Johannes Vermeer is widely considered one of history’s preeminent painters, despite having no record of artistic training. For centuries, art historians have wondered how the 17th-century Dutchman could capture the light and colour of the world in his oil paintings. His works reflected life with startling accuracy. Unlike other Renaissance artists, there are no lines for practice underneath the final sheen. Vermeer’s works have reflections of light that the camera can pick up, but the human retina could not, which led scholars to conclude that he must have used a camera obscura. (The camera obscura is something art and film students will recognize: it projected an image onto a blank surface and was a precursor for the camera.)
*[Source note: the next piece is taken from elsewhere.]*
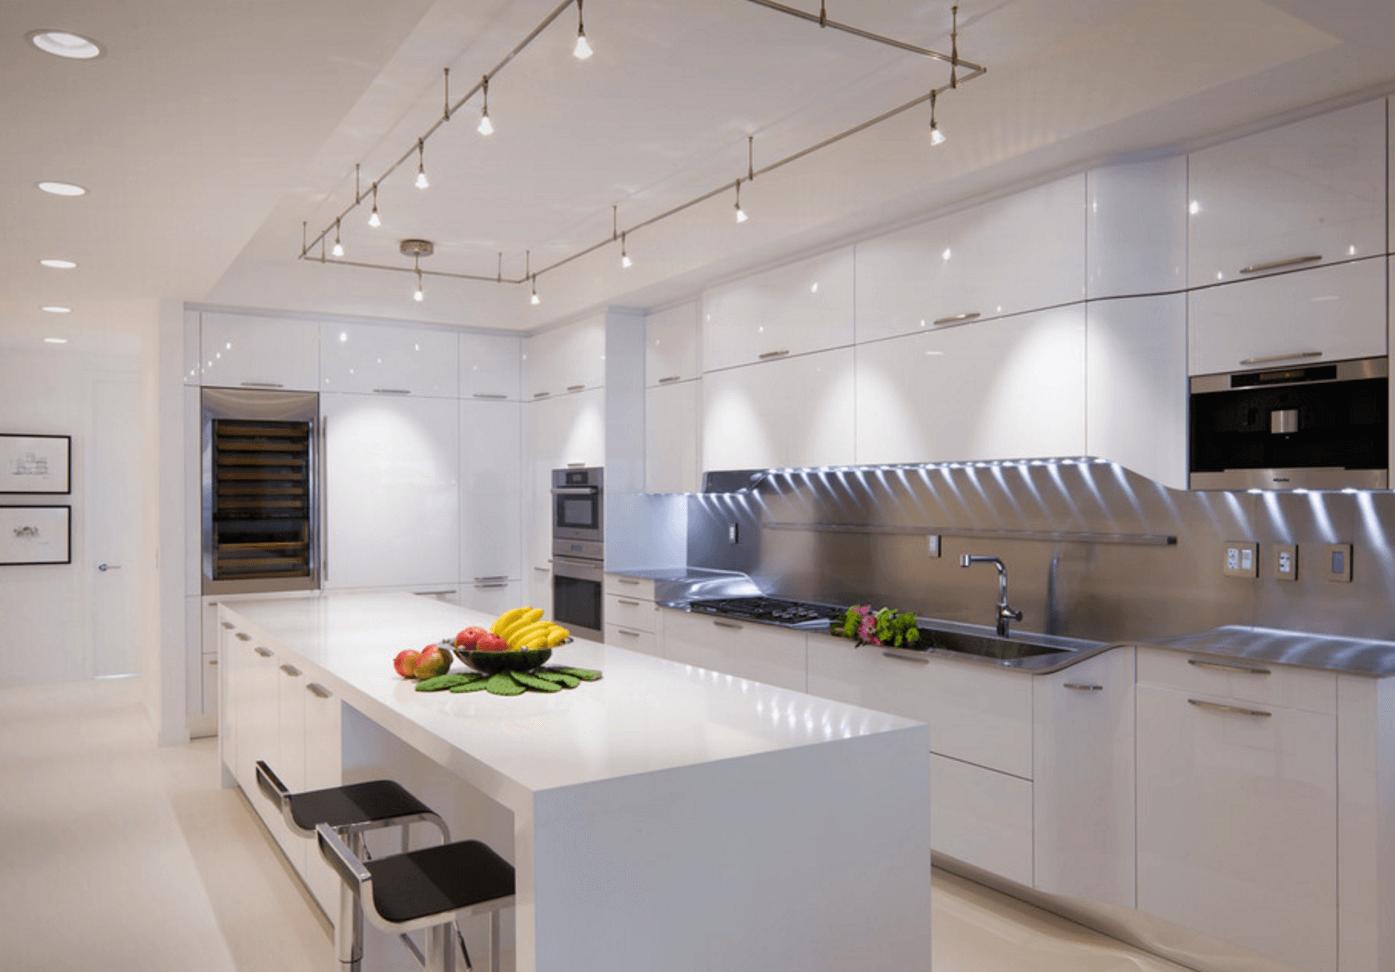 15 Easy Kitchen Lighting Upgrades

Jenison tries his steady hand at replicating The Music Lesson using the same device, as a way to explore this art history debate. He vows to use the materials as if he were Vermeer, even going so far as to build a room in his San Antonio warehouse that is the mirror image of that artwork – a process that takes seven months of careful construction. Jenison even melts and polishes glass to make the lens for the camera obscura, and grinds and mixes pigment to make oil paint for his easel.
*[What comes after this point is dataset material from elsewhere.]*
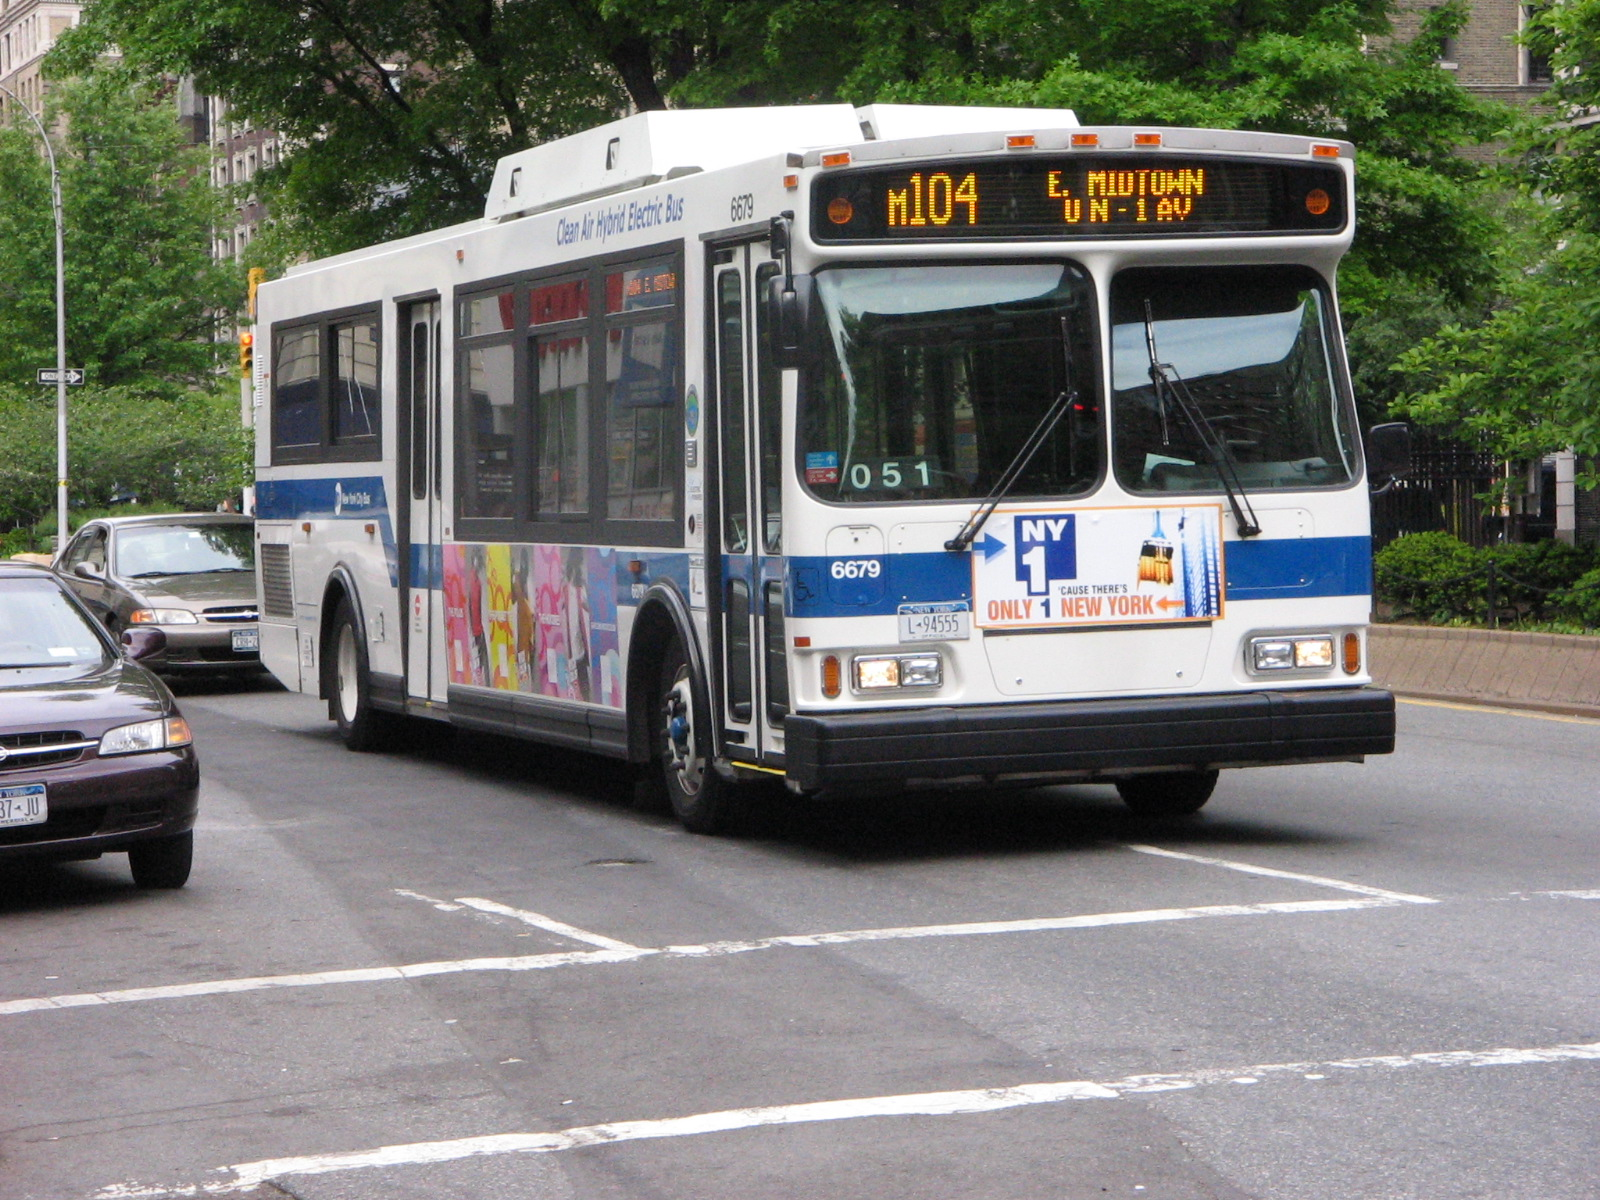 MTA_NYCT_Orion_VII_HEV_6679.jpg

He paints The Music Lesson the way the camera sees it, hoping to answer one of the art world’s most provocative questions. Art historians have criticized this optical method technique as “cheating art,” even if the process of copying the image from the camera obscura is painstaking. Jenison explains, “It is not cheating because it is hard.” Jenison may seem like a strange choice to explore the allied aims of art and technology; however, he won an Emmy for his work with CG visual effects and 3D graphics. Therefore, he is the perfect workhorse for this exquisite experiment.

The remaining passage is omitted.